**WHAT IS BEING ASKED**
Transcribe all the entries word for word, omitting any pictures they contain.
DATA TO PROCESS START
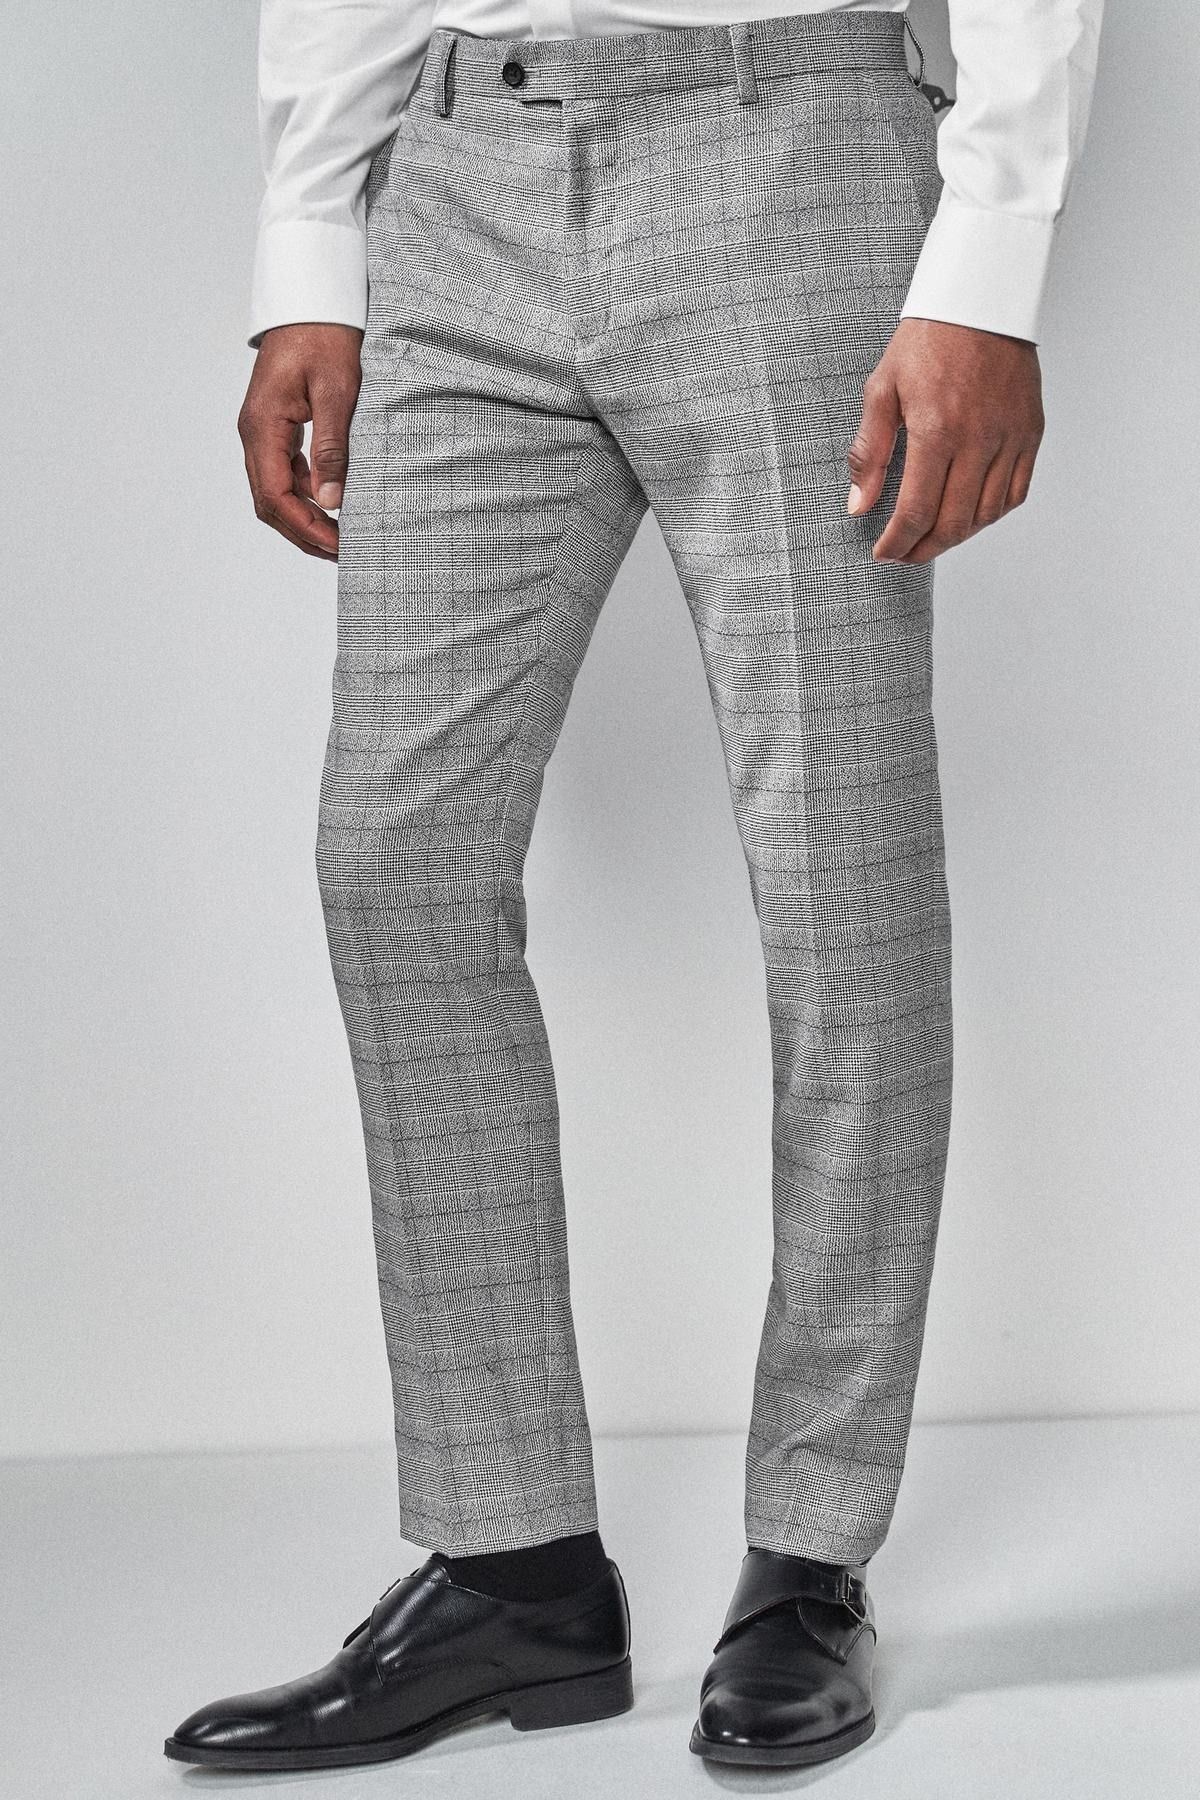 ASOS DESIGN Skinny Suit Trousers In Light Grey Texture, $37 | Asos |  Lookastic
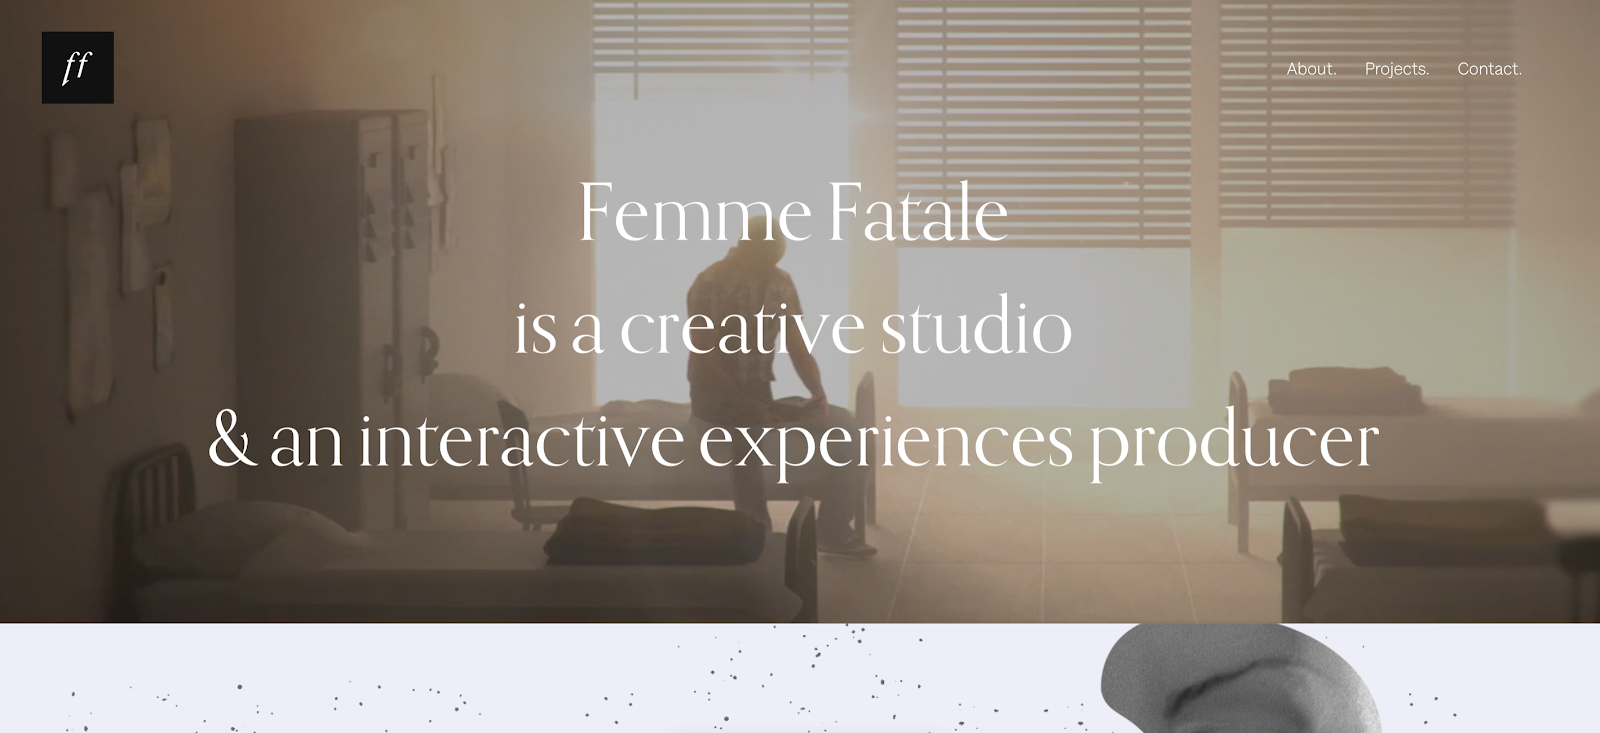 Portafolio de desarrollador web de Femme Fatale
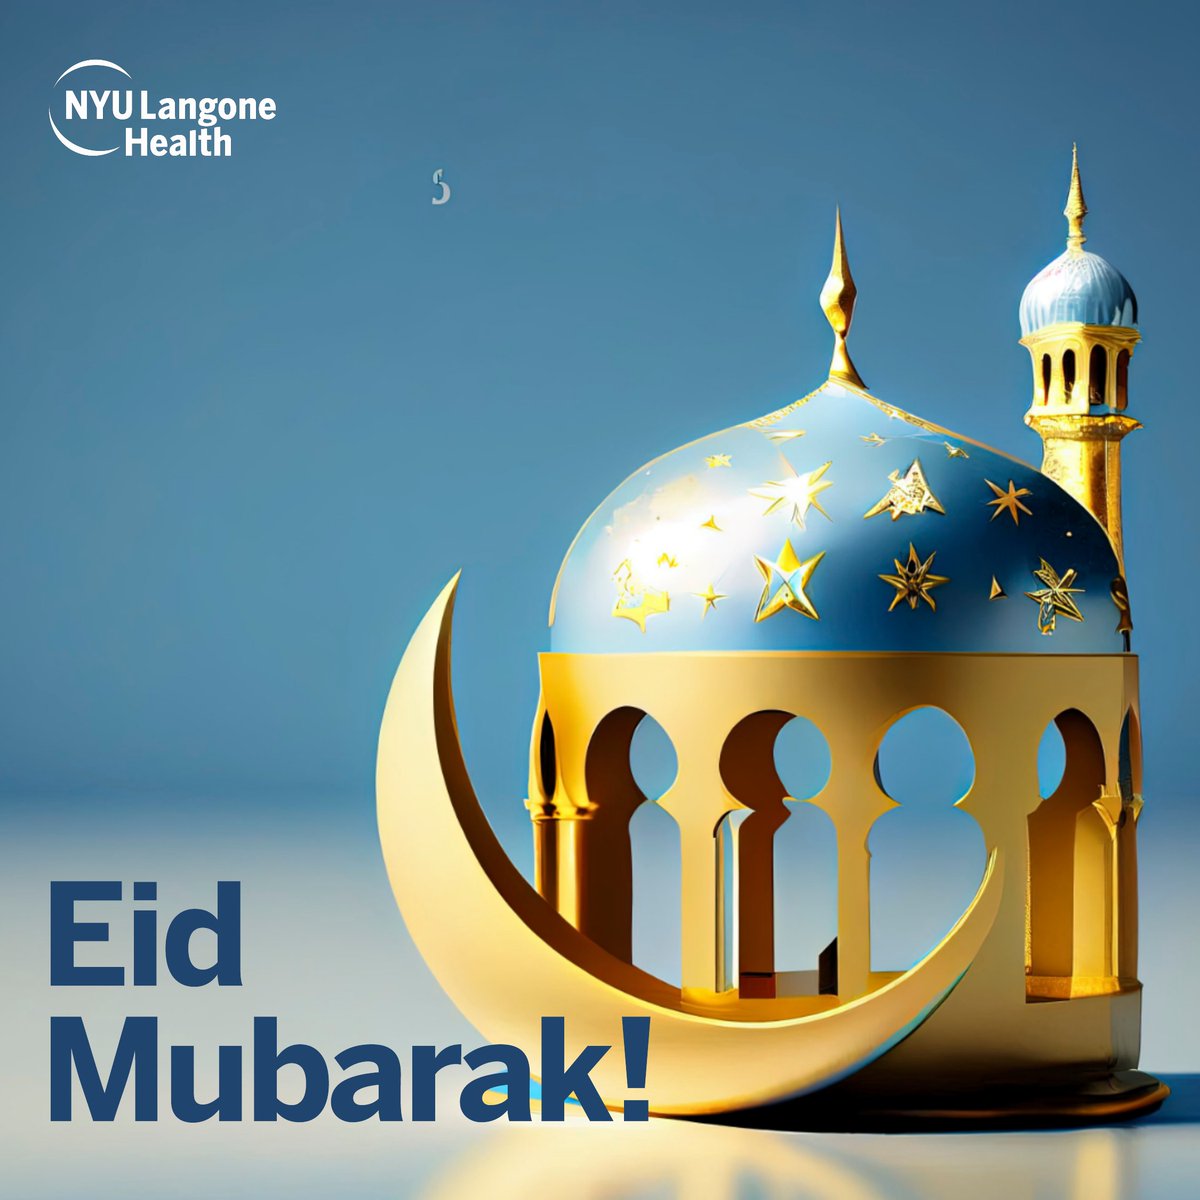 Eid Mukarak! Wishing fun, happiness, and blessings to those in our @nyulangone family celebrating this evening! 🌙 #eid #eidmubarak #ramadan
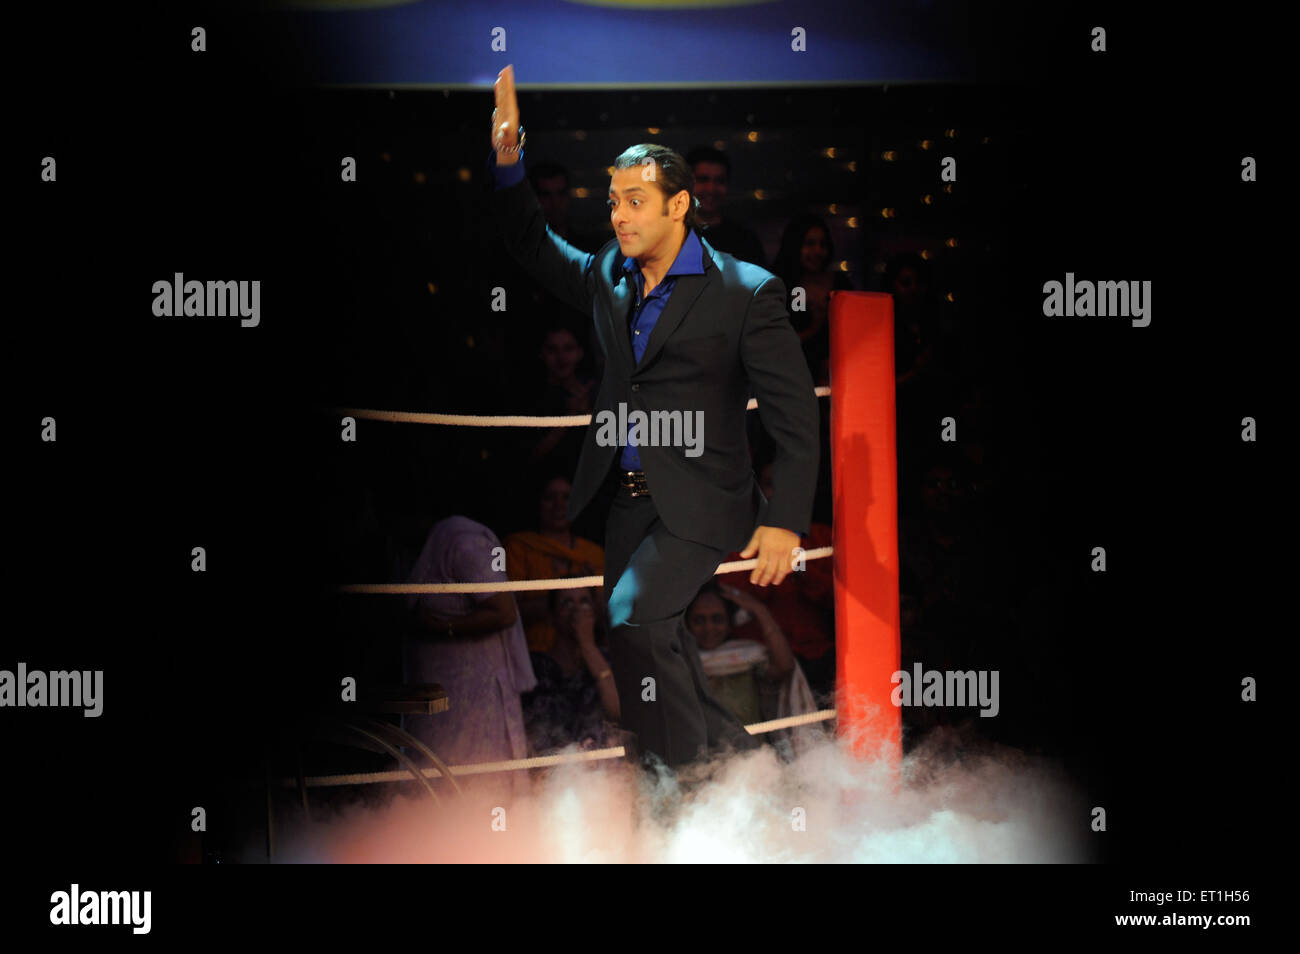 Salman Khan, Dus Ka Dum show, Abdul Rashid Salim Salman Khan, attore indiano, produttore cinematografico, personalità televisiva, India, Asia Foto Stock
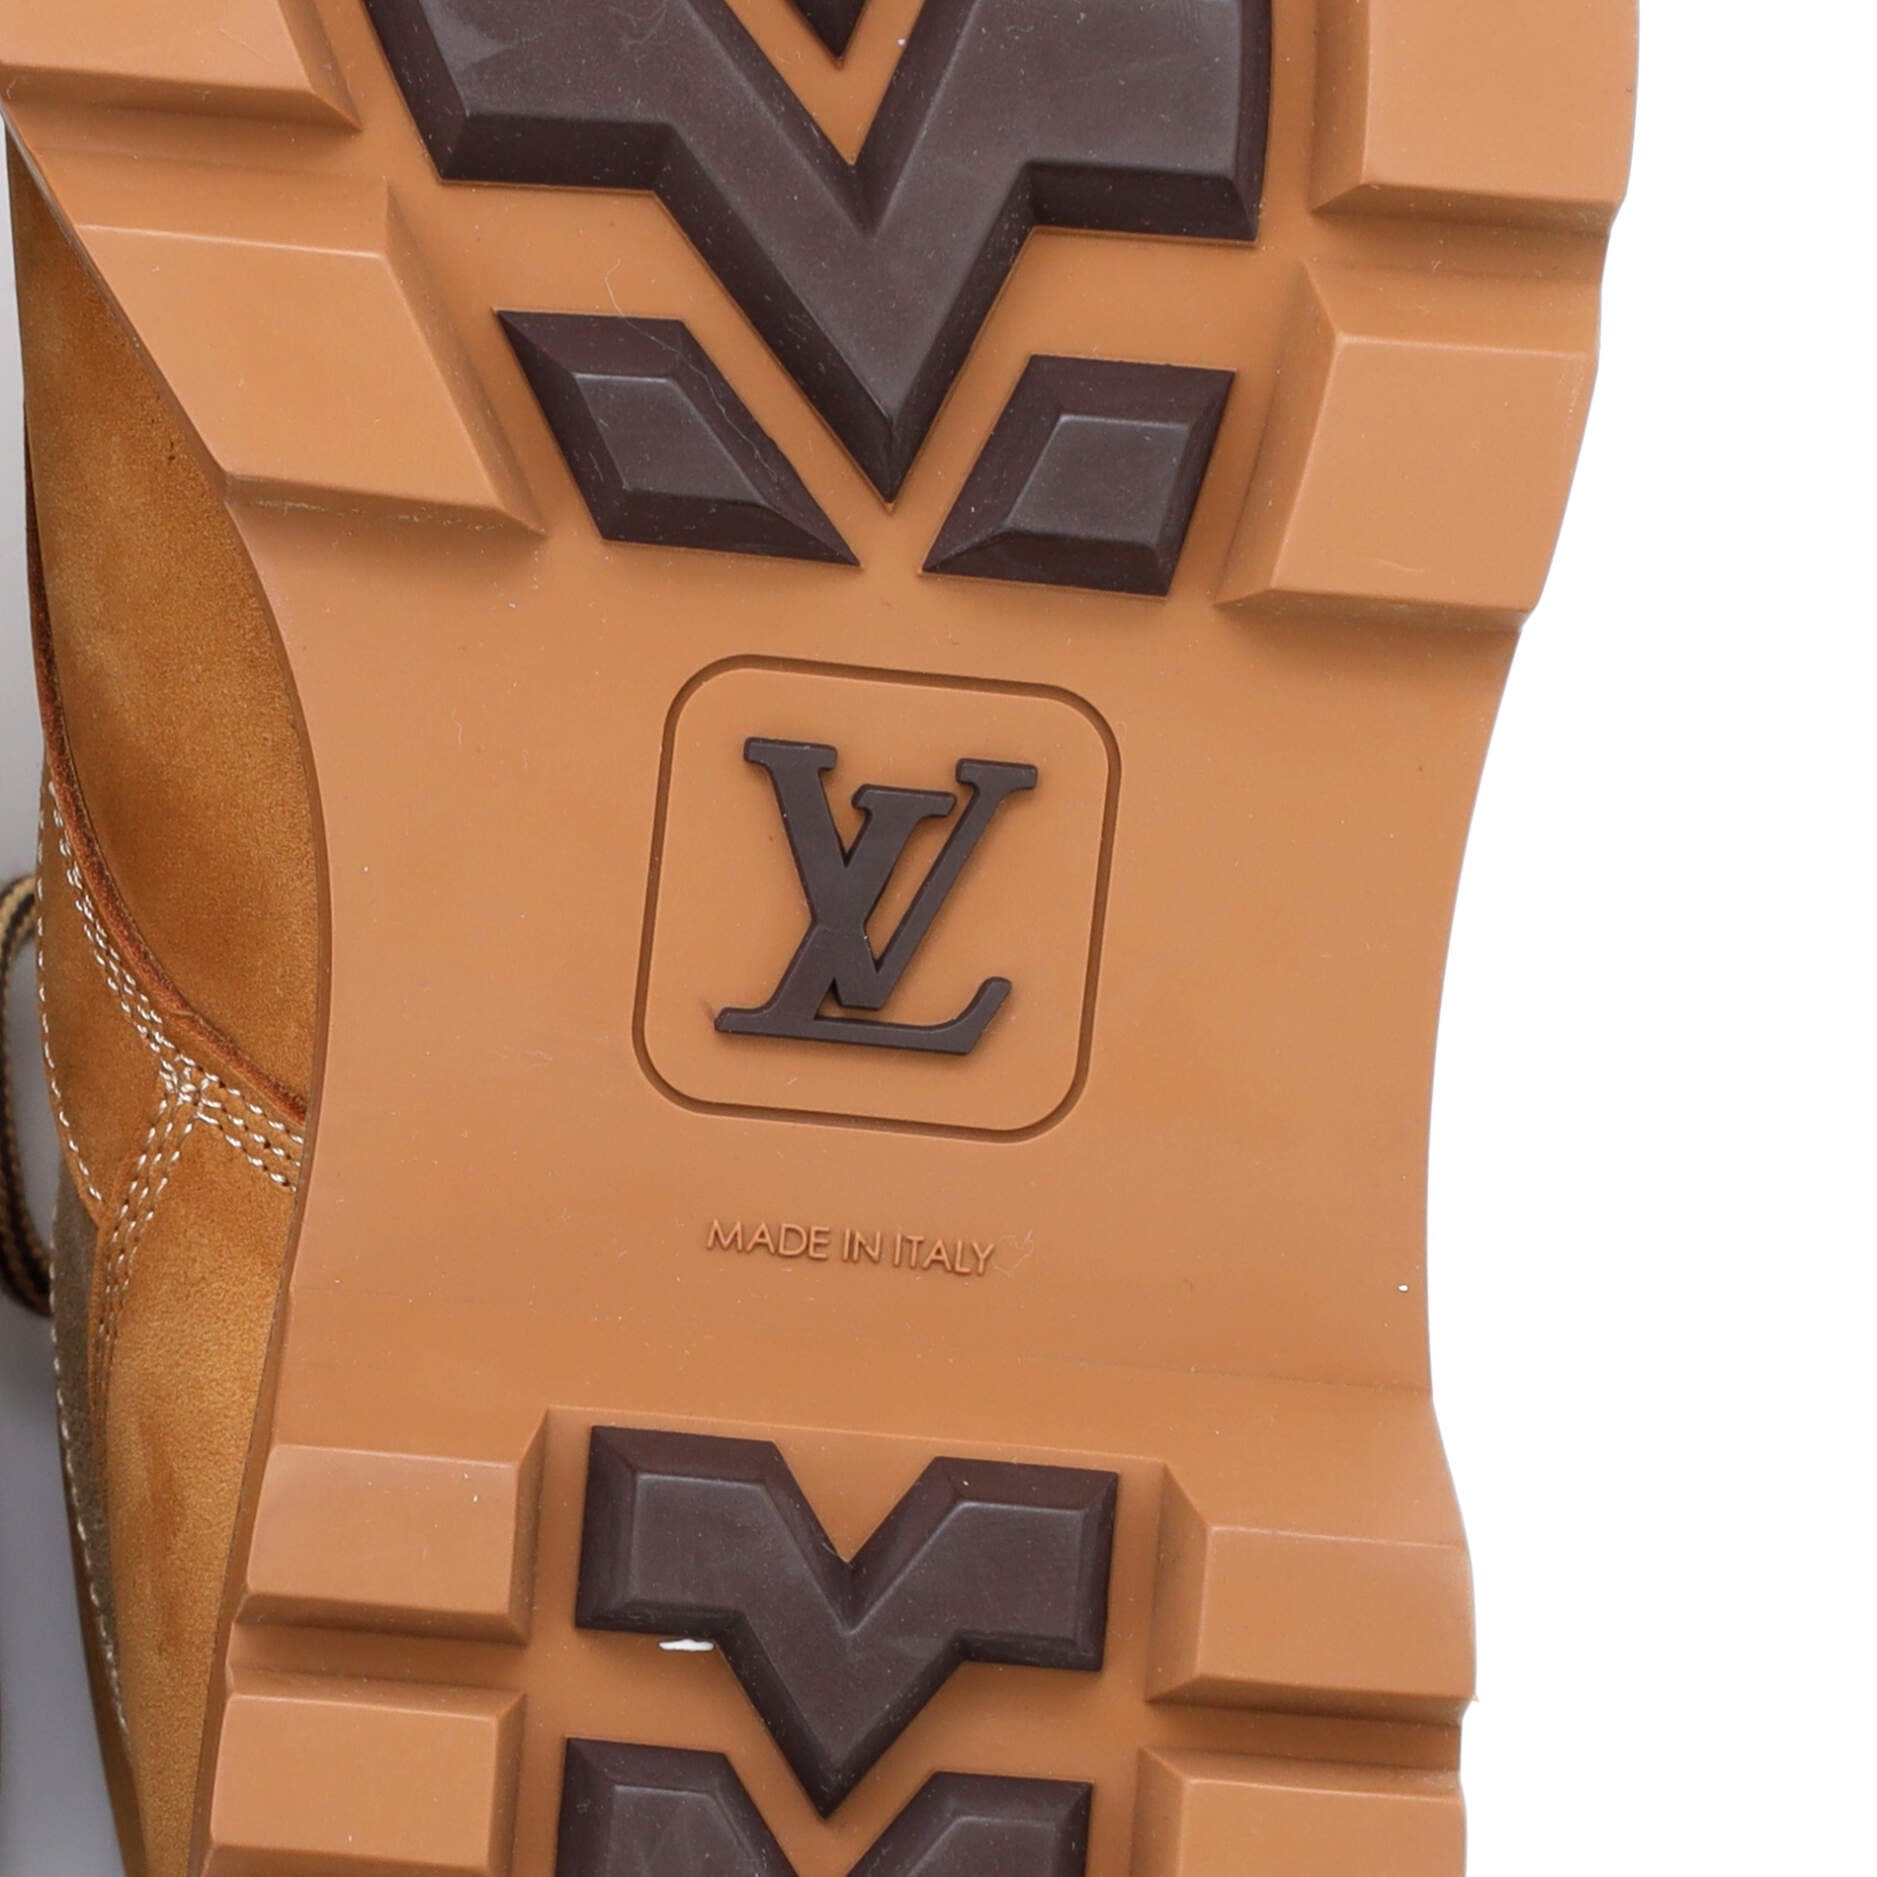 Louis Vuitton Men's Oberkampf Ankle Boots Alps Patches Canvas with
DATA TO PROCESS END
**FINISHED TASK**
 ASOS DESIGN Skinny Suit Trousers In Light Grey Texture, $37 | Asos |  Lookastic
 Portafolio de desarrollador web de Femme Fatale
 Eid Mukarak! Wishing fun, happiness, and blessings to those in our @nyulangone family celebrating this evening! 🌙 #eid #eidmubarak #ramadan
 Salman Khan, Dus Ka Dum show, Abdul Rashid Salim Salman Khan, attore indiano, produttore cinematografico, personalità televisiva, India, Asia Foto Stock
 Louis Vuitton Men's Oberkampf Ankle Boots Alps Patches Canvas with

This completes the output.